- _EXERCISE GOAL_: Print the entire listing below word for word, excluding its pictures.

- _INFORMATION SUPPLIED_:

= Beginning of Section =

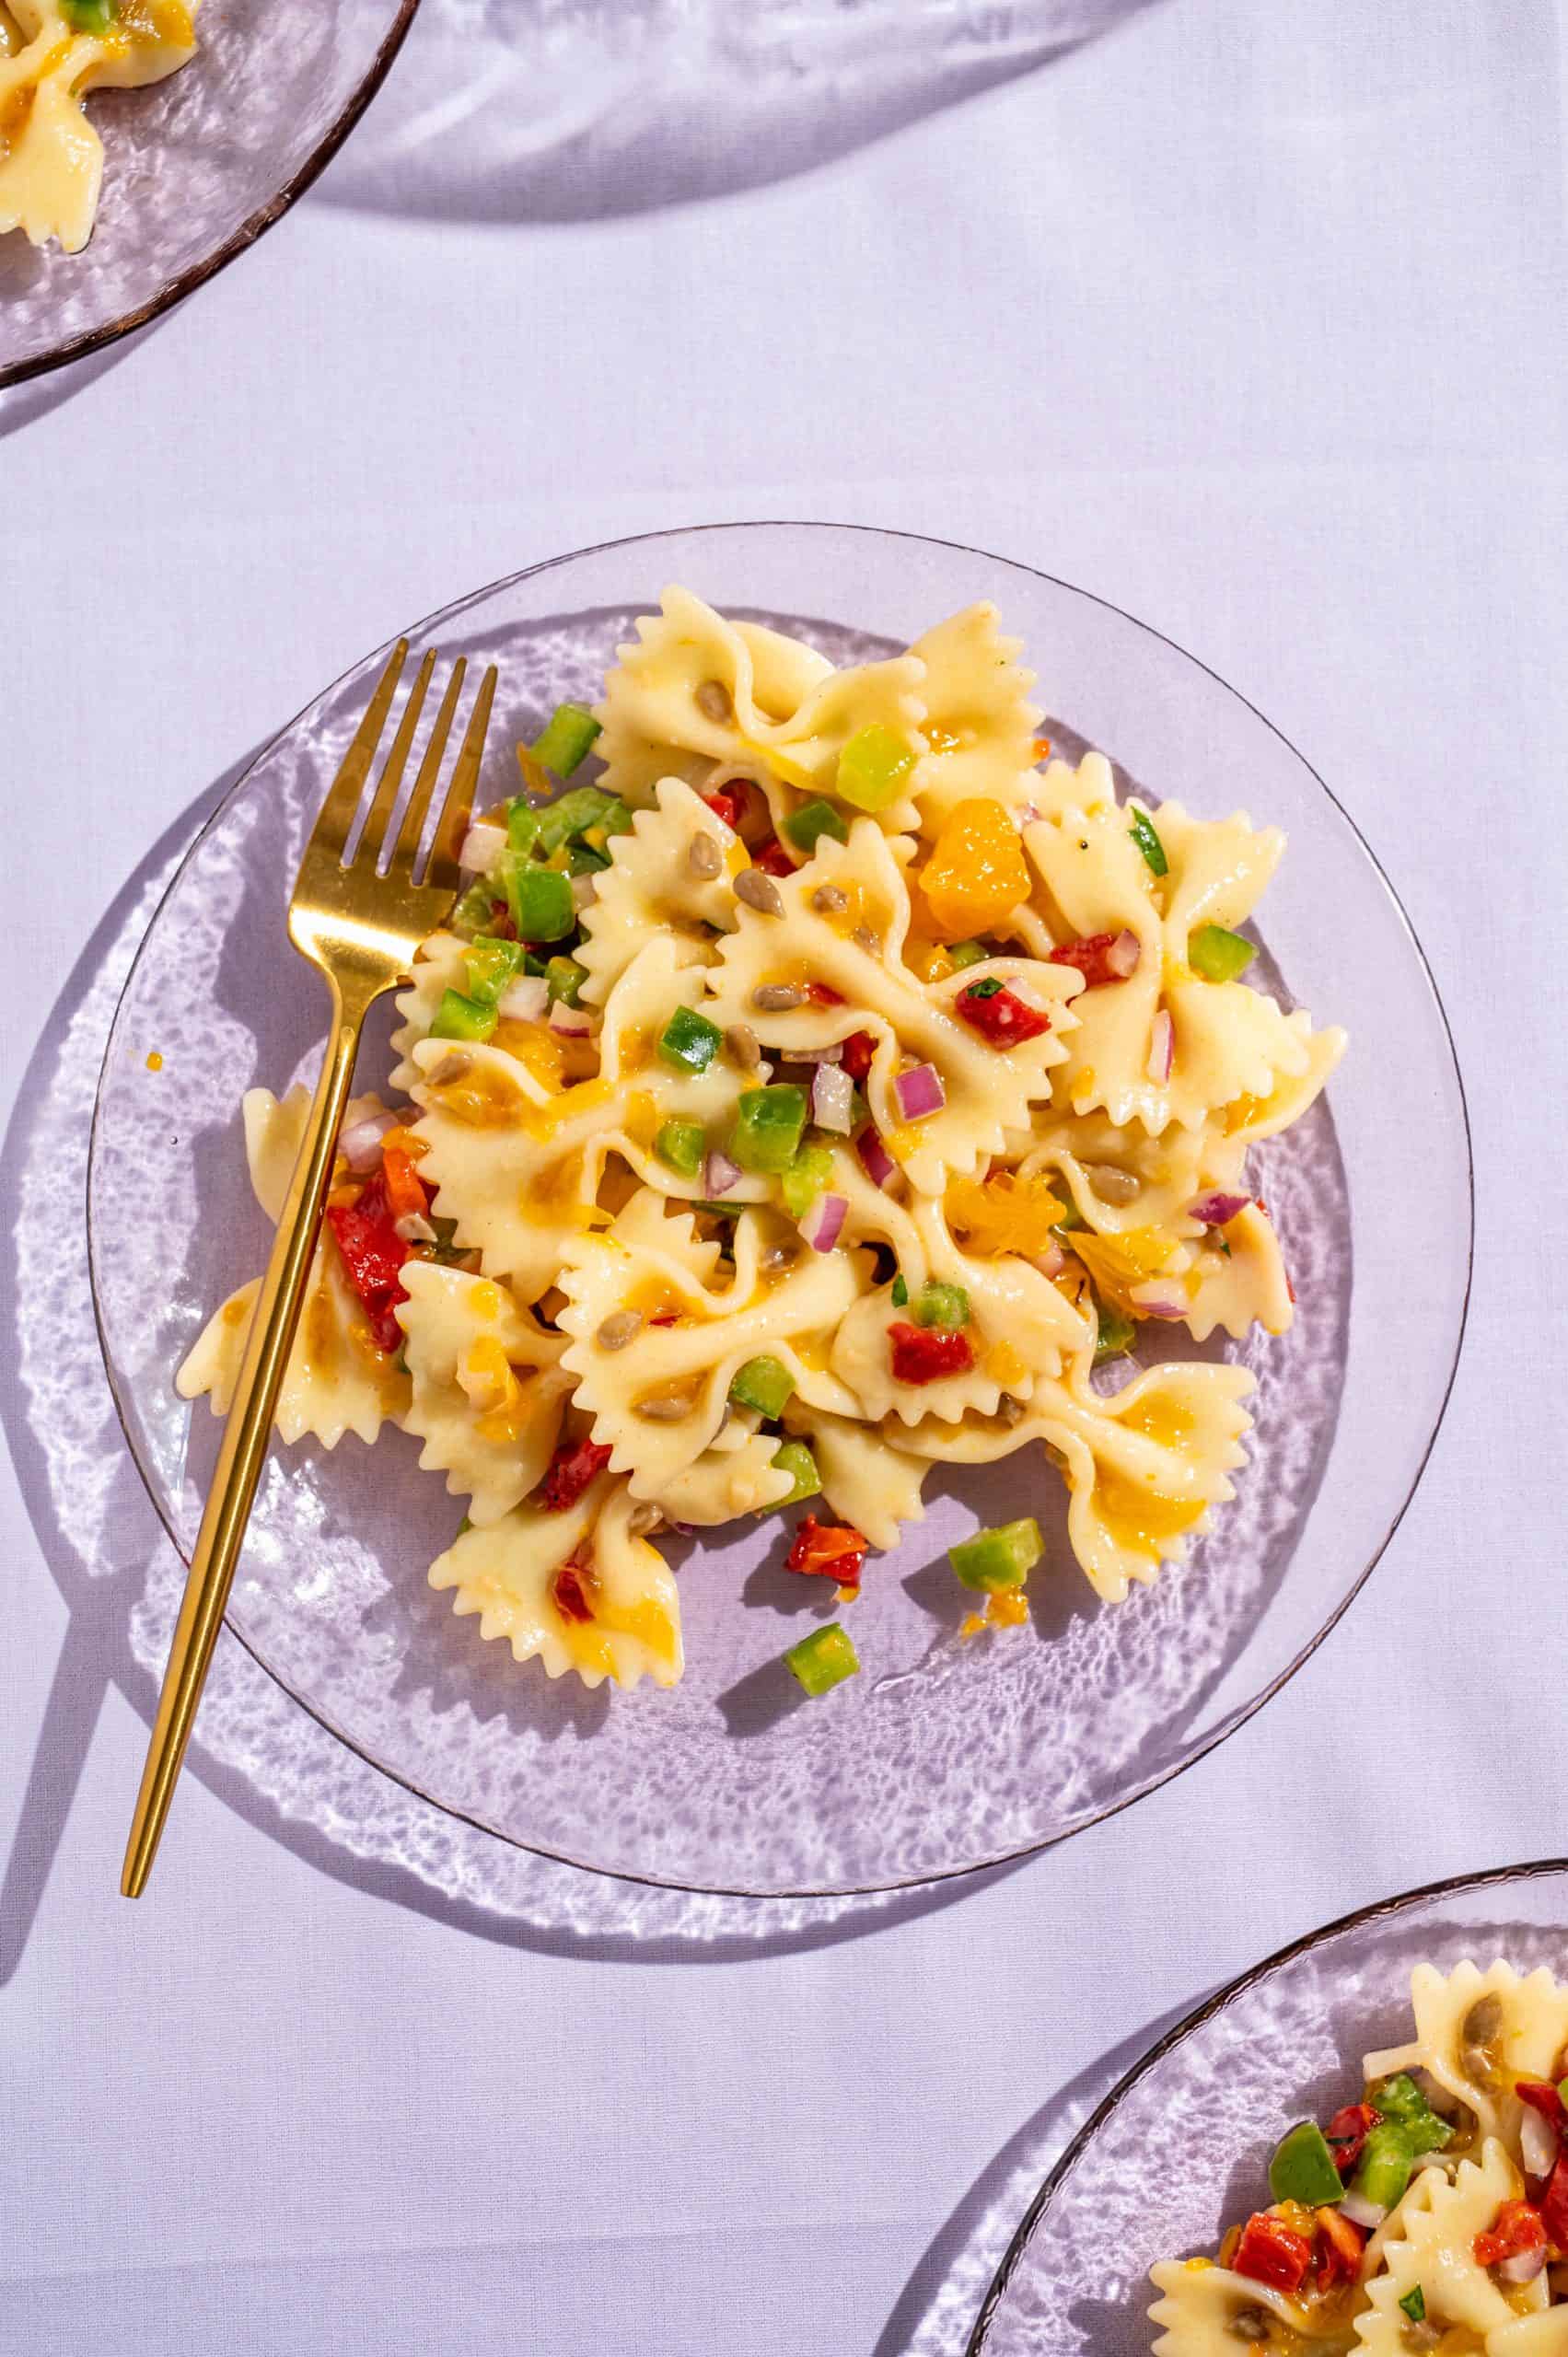 Honey pasta salad on a glass plate set on a light purple tablecloth
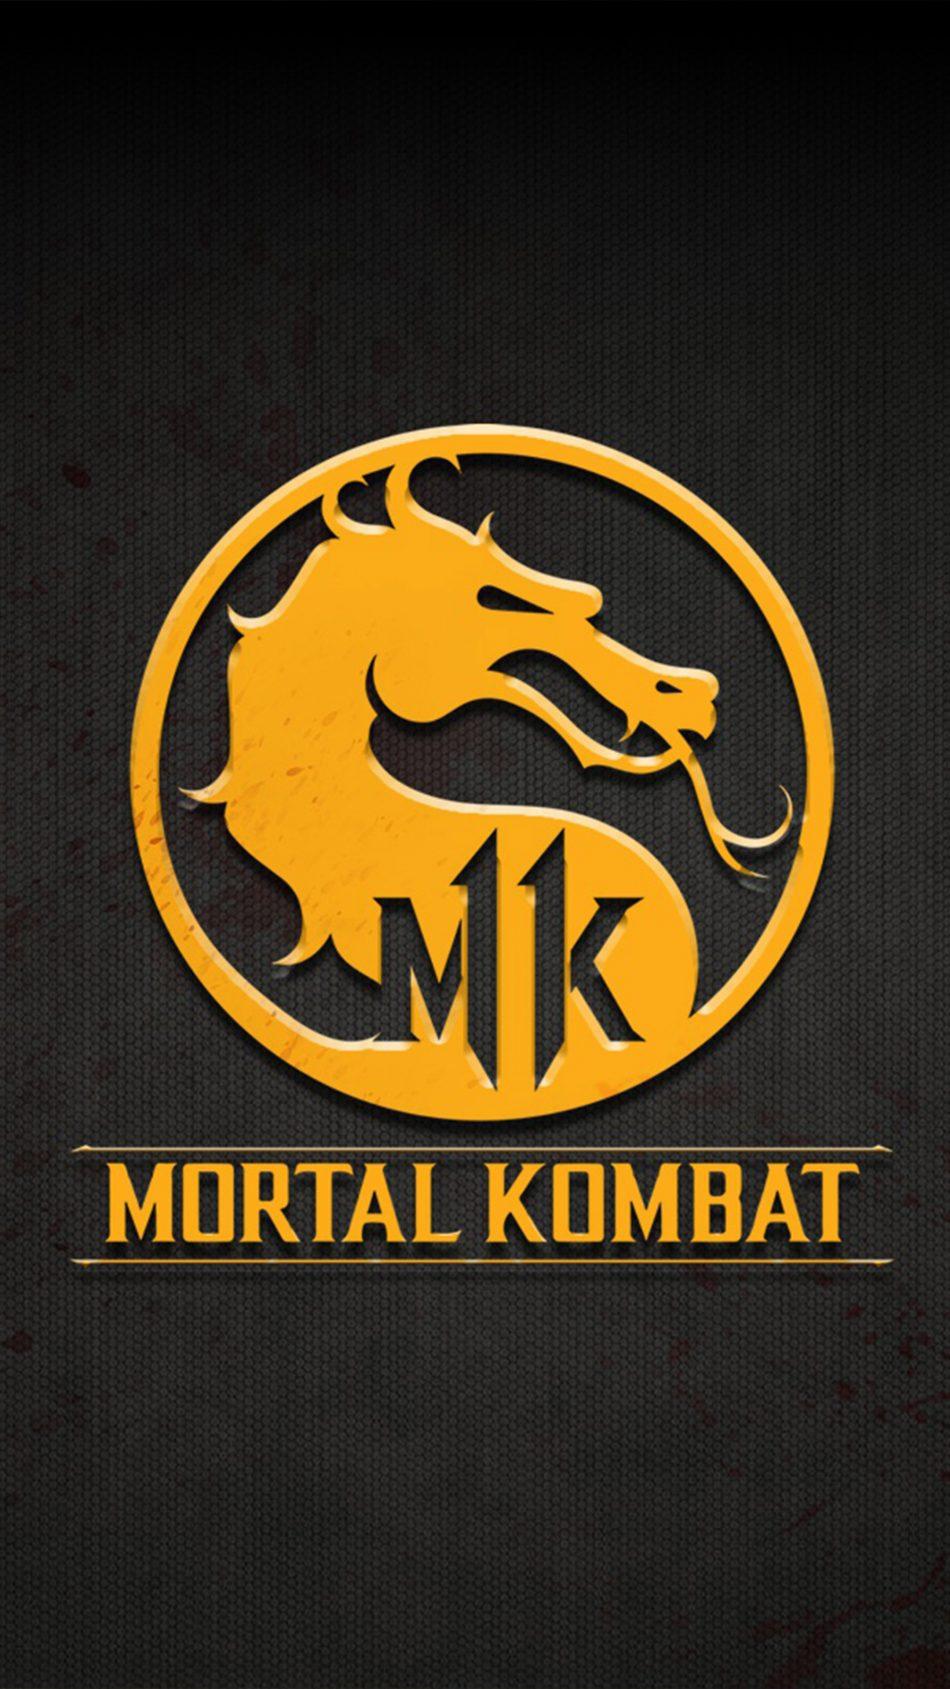 Download Mortal Kombat 11 Logo Free Pure 4K Ultra HD Mobile Wallpaper
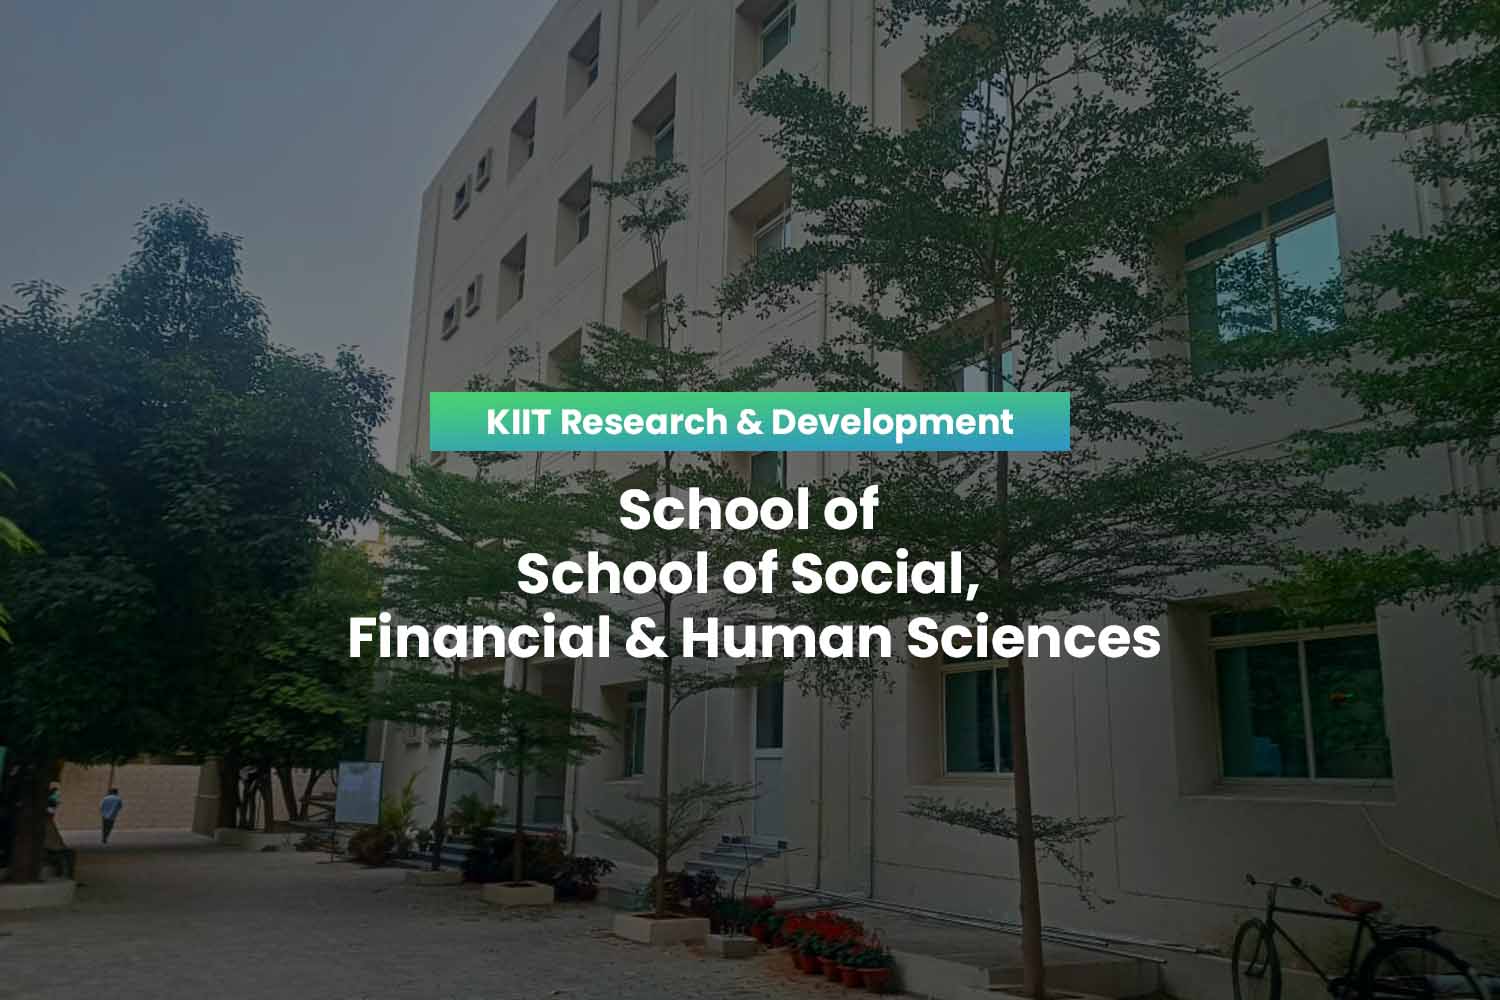 KIIT School of Social Financial & Human Sciences

= End of Section =

- _TASK OUTPUT_:
 Honey pasta salad on a glass plate set on a light purple tablecloth
 Download Mortal Kombat 11 Logo Free Pure 4K Ultra HD Mobile Wallpaper
 KIIT School of Social Financial & Human Sciences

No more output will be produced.